果然,這人的左手上纏著白色的繃帶,不是冷飆還是誰了?
“你爹說不讓帶,這次是正經開會,那兩個女的大長腿太撩人,在船上跳個舞一幫子野慣了的海盜看完了流點鼻血還在其次,別惹出什麼事情來。”
“我爹這麼說?哈哈,那他是認可我的眼光嘍?這倆妞肯定能紅!”說著,就笑了起來。他身後那兩個人也陪著笑了起來。
可他們的笑聲很快就停頓住了,並且警惕地開始回頭!
因為,我在知道了前麵那個人是冷飆後,心裏不由自主地有點發毛,腳步也開始變得遲疑。腳步聲的變化讓前麵那三個人給捕捉到了。
雖然我和小妖都喬裝改扮過了,一個男扮女裝一個女扮男裝,但誰有把握冷飆會認不出我們這兩個讓他刻骨銘心的仇敵?尤其是我?
情急之下,小妖去推旁邊一間客房的房門——那必然是推不動的。就在前麵三位完全扭過頭來的那一刹那,她突然把我拽過去,把我的身體推在那扇門上,然後身體就壓了過來,開始吻我的嘴唇。

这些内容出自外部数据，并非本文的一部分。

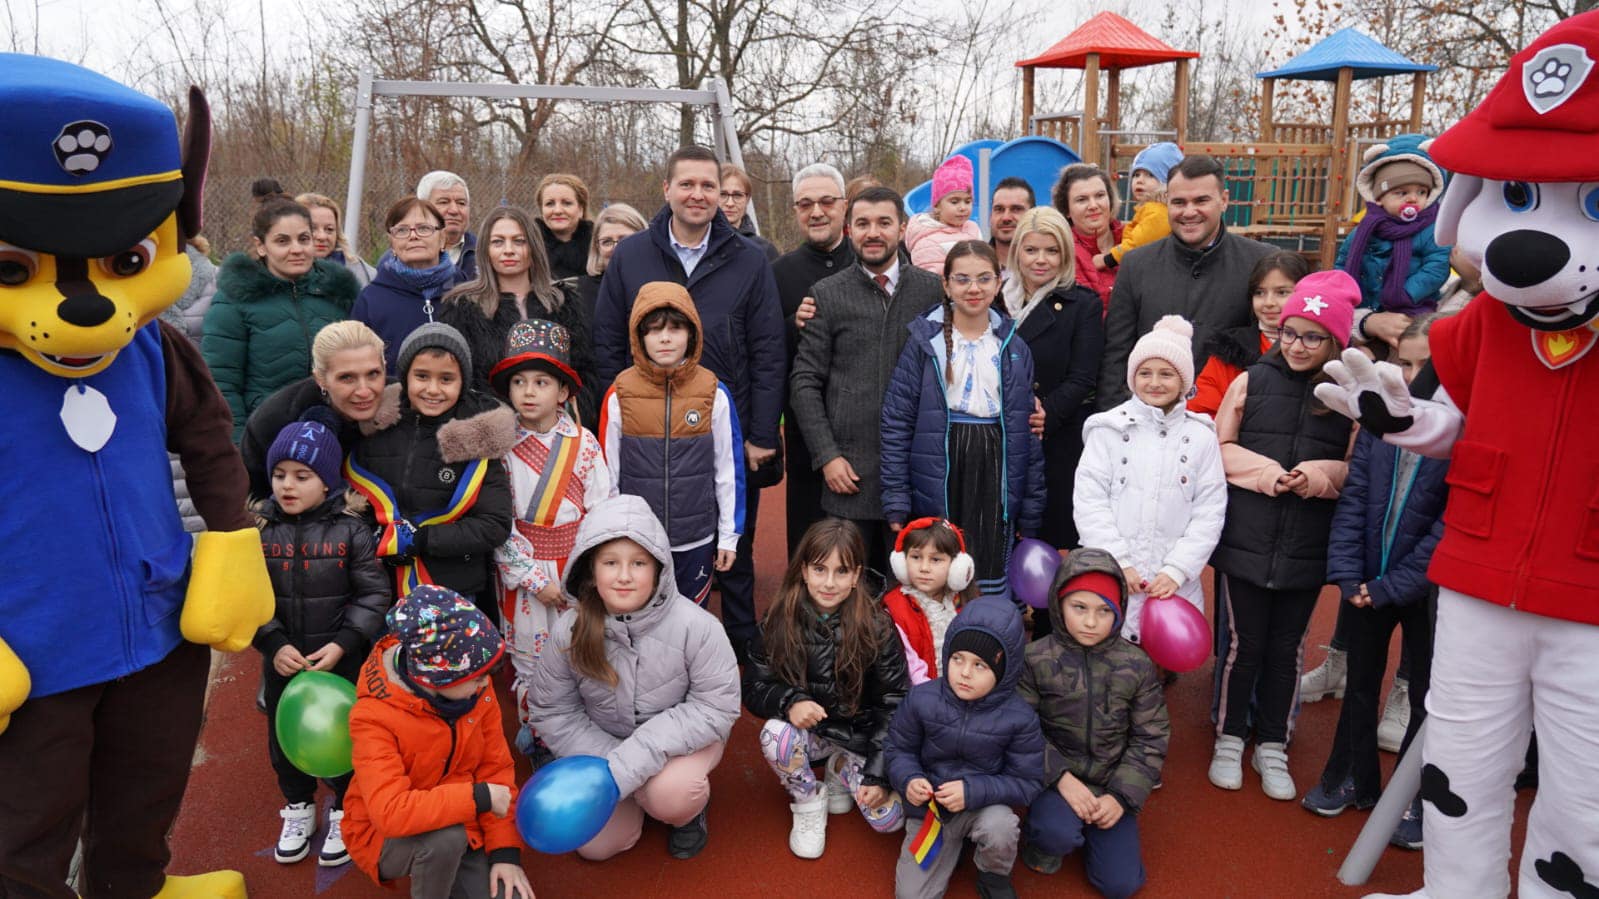 Bucurie mare pentru copiii din Aninoasa. Consiliul Județean Dâmbovița și Primăria au amenajat un loc de joacă, inaugurat chiar de Moș Nicolae. Tot astăzi au fost aprinse și luminile de Crăciun în comună.

吻完嘴唇,她又狂亂地吻我的頭頸。同時,她開始在自己身上摸索了起來。那感覺,完全就是一條急不可耐地色狼,在房門前就對自己的獵物開始動手,一邊尋找著房卡準備開門。
我也隻能配合著她做出很陶醉的樣子……
冷飆和他的兩個手下顯然是愣住了,開始饒有興致地看著這一切。
我暗想:“他們要真是一直這麼看下去可怎麼辦?難不成我們真的就在走廊裏……”
就在這時,房門開了——不開才怪,小妖在門上折騰出那麼大的動靜來,裏麵的人肯定想知道是怎麼回事。
小妖和我就迅速擠了進去,房客還沒來得及說話,小妖抬起胳膊肘照著那人的頭部就來了一下。可憐那人是男是女我們都沒看清,就這樣倒在了房間的地板上。
小妖隨即就“砰”地關上了房門。
說老實話,我那時心裏頭還隱隱地希望小妖能夠繼續下去,畢竟這也太刺激了。可惜的是小妖把門一關,立刻忙不迭地就把我惡狠狠地一把推開,然後一邊用左手拚命抹著自己的嘴唇,似乎是要把我剛才留在上麵的口水擦幹淨,一邊蹲下身,右手撿起一把槍,然後就貼在門上聽外麵的動靜。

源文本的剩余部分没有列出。